There's a herd mentality to Western newsies that I frankly didn't believe until I saw it up close and personal on an issue I know a little bit about.

"Original research" is a small village somewhere in rural China as far as most Danish news coverage is concerned. The cycle for at least two thirds of the news [1] goes something like this:

  • Newsie is fed press release by a PR agent or spin doctor propaganda flack.

  • Newsie plagiarises press release. The press release has now become an "article."

  • Other newsies plagiarise the first newsie's article. The article has now become "news."

  • Political figure makes statement on the news. The news has now become an "issue." [2]

  • Newsie writes an article based on the interview with the political figure (or plagiarises his press release).

  • Other newsies plagiarise the first newsie's coverage of the political figure's statement.

  • Et cetera ad nauseum.

I wish I were in some serious way exaggerating or misrepresenting the news cycle, but it really is that bad.

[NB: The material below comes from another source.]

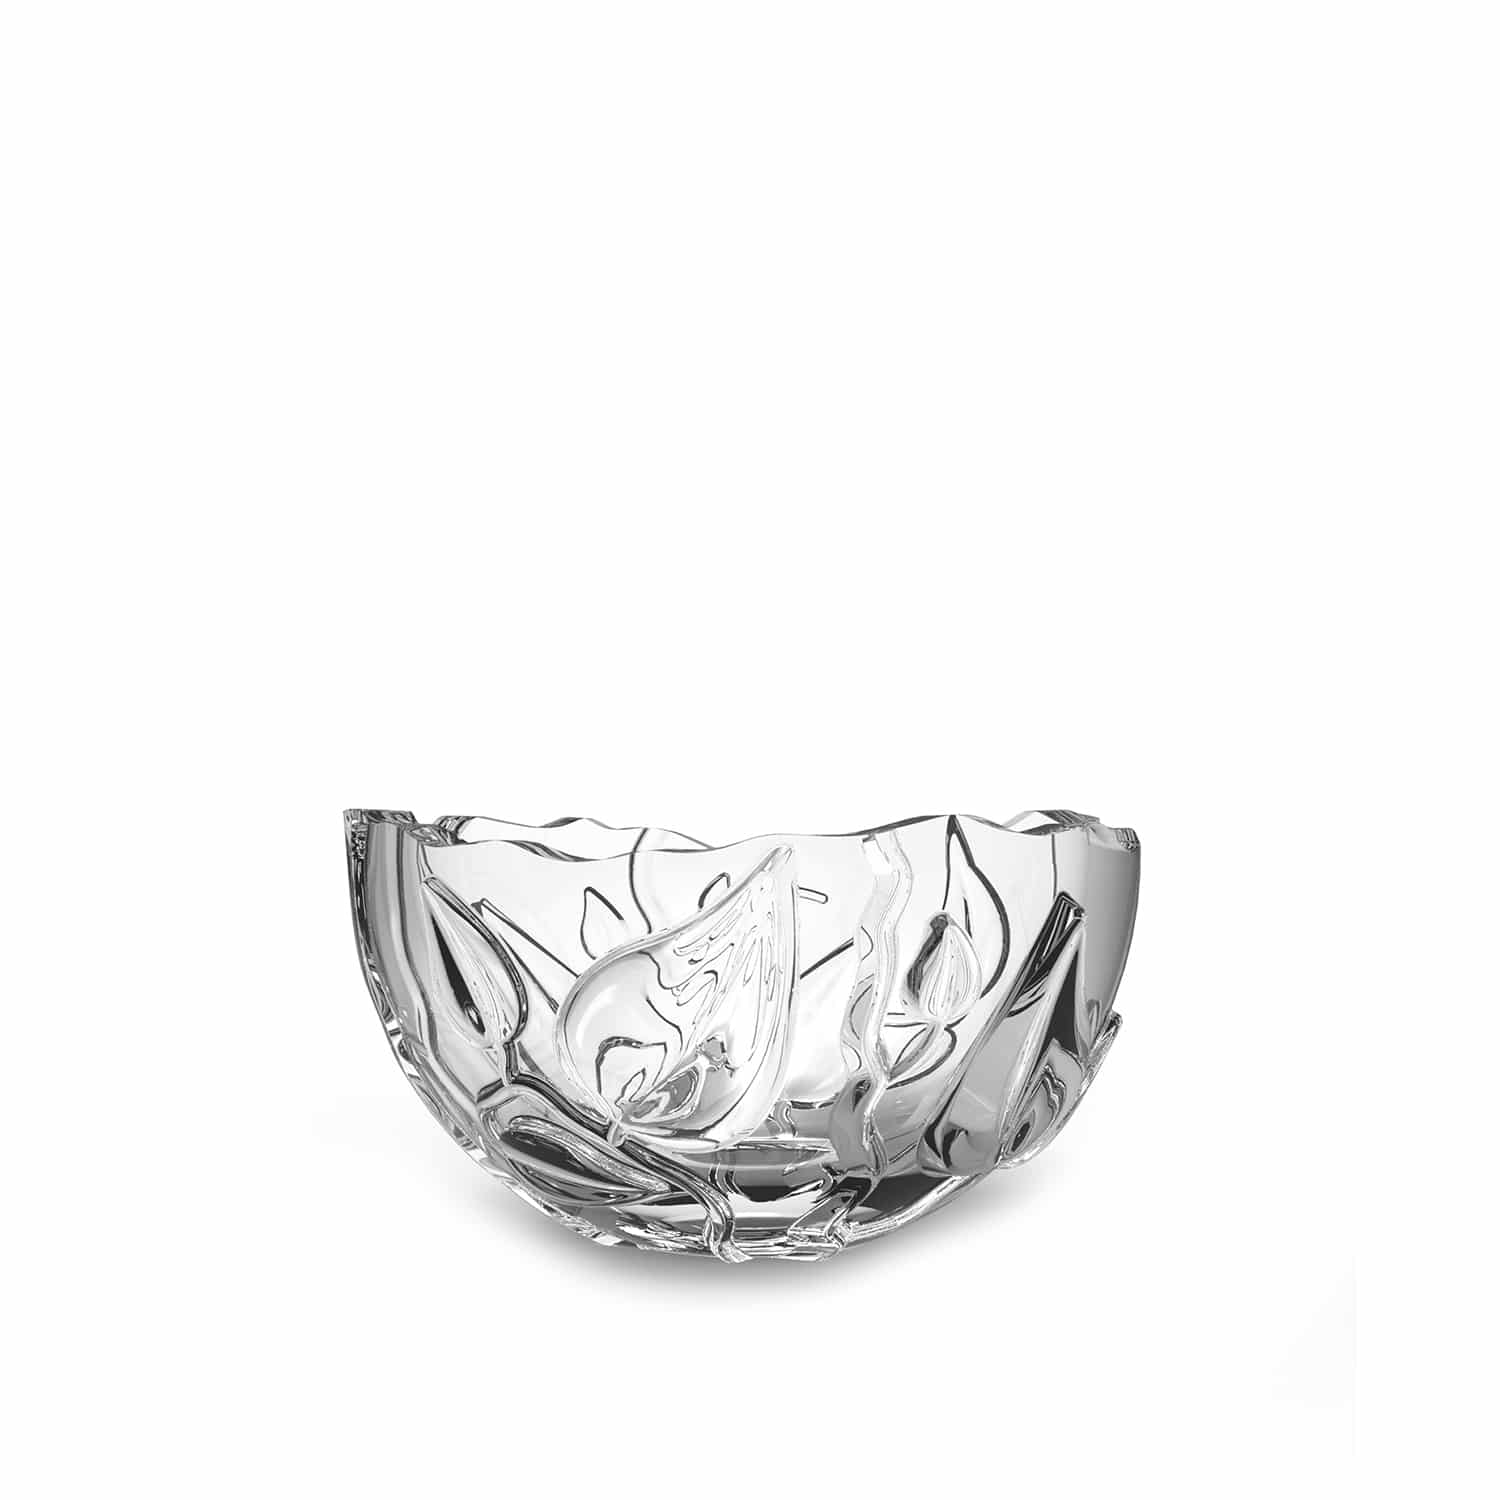 Designer crystal serving bowl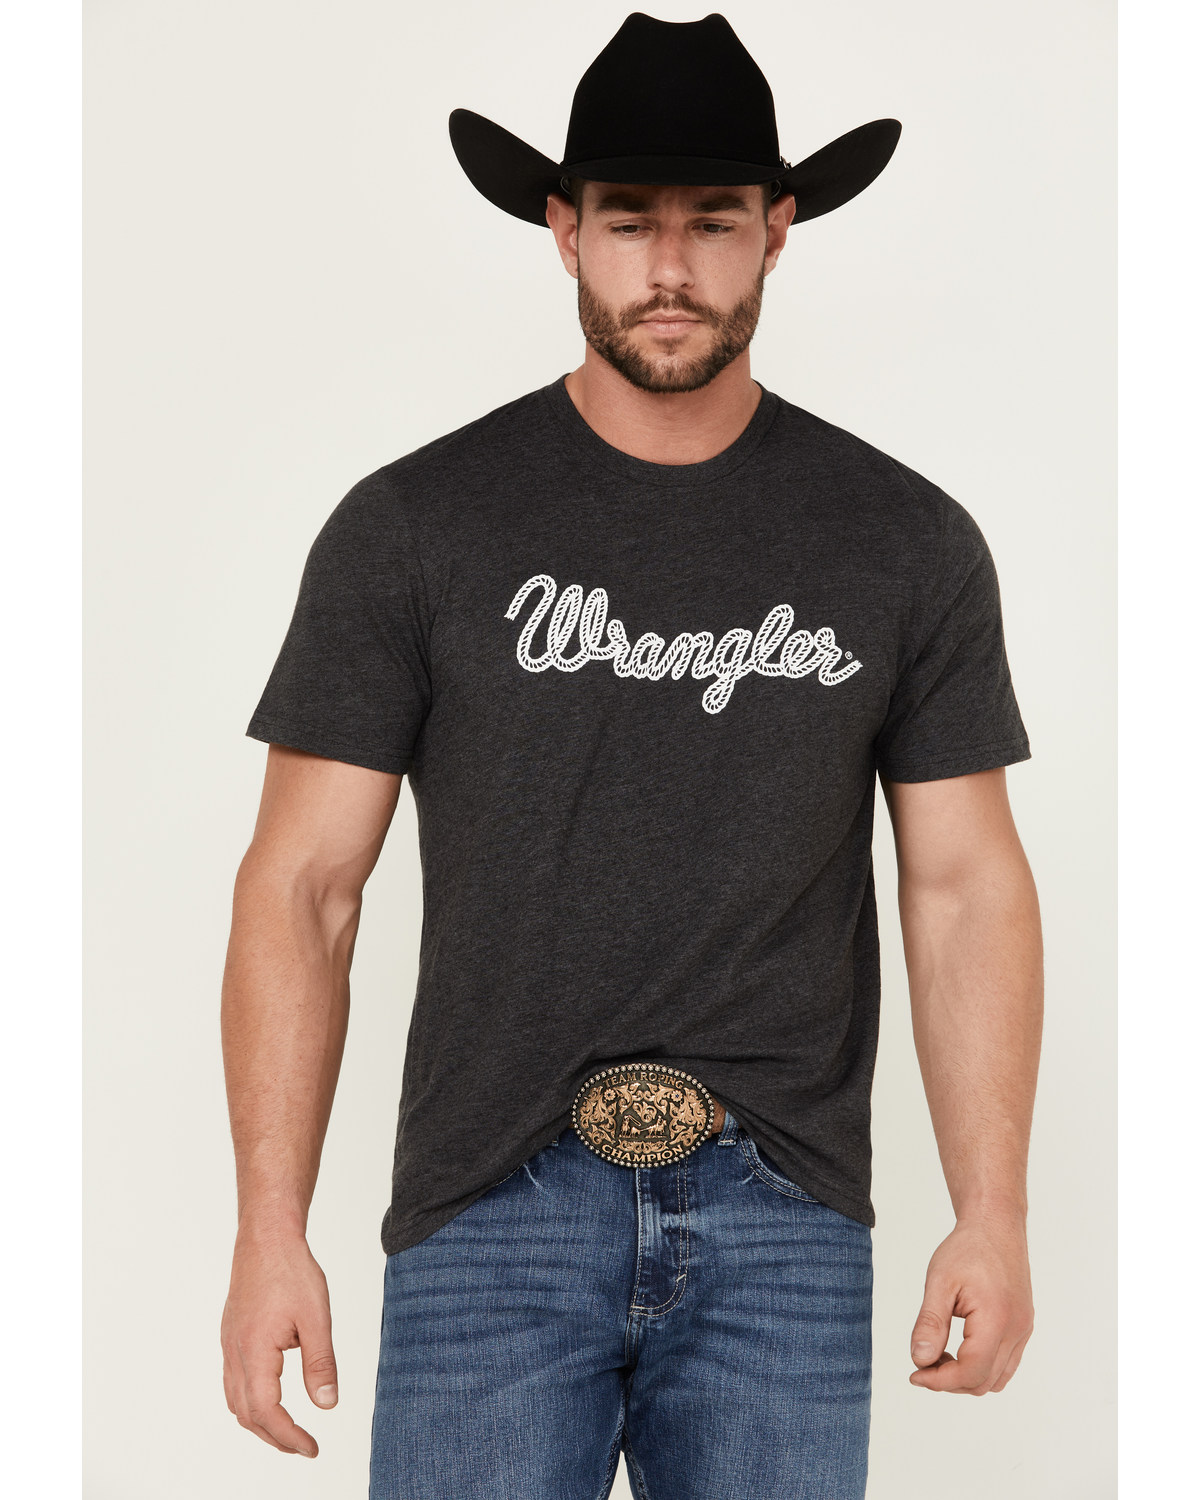 Wrangler Men's Rope Logo Short Sleeve Graphic Print T-Shirt

[1] And that's not even counting the cars and sports supplements which might as well be written directly by advertisers...

[2] Of course, the political figure does this only in an interview to a friendly newsie and/or a press release of his own, which can branch off an entire news cycle of its own.

- Jake

If you only spend 20 minutes of the rest of your life on economics, go spend them here.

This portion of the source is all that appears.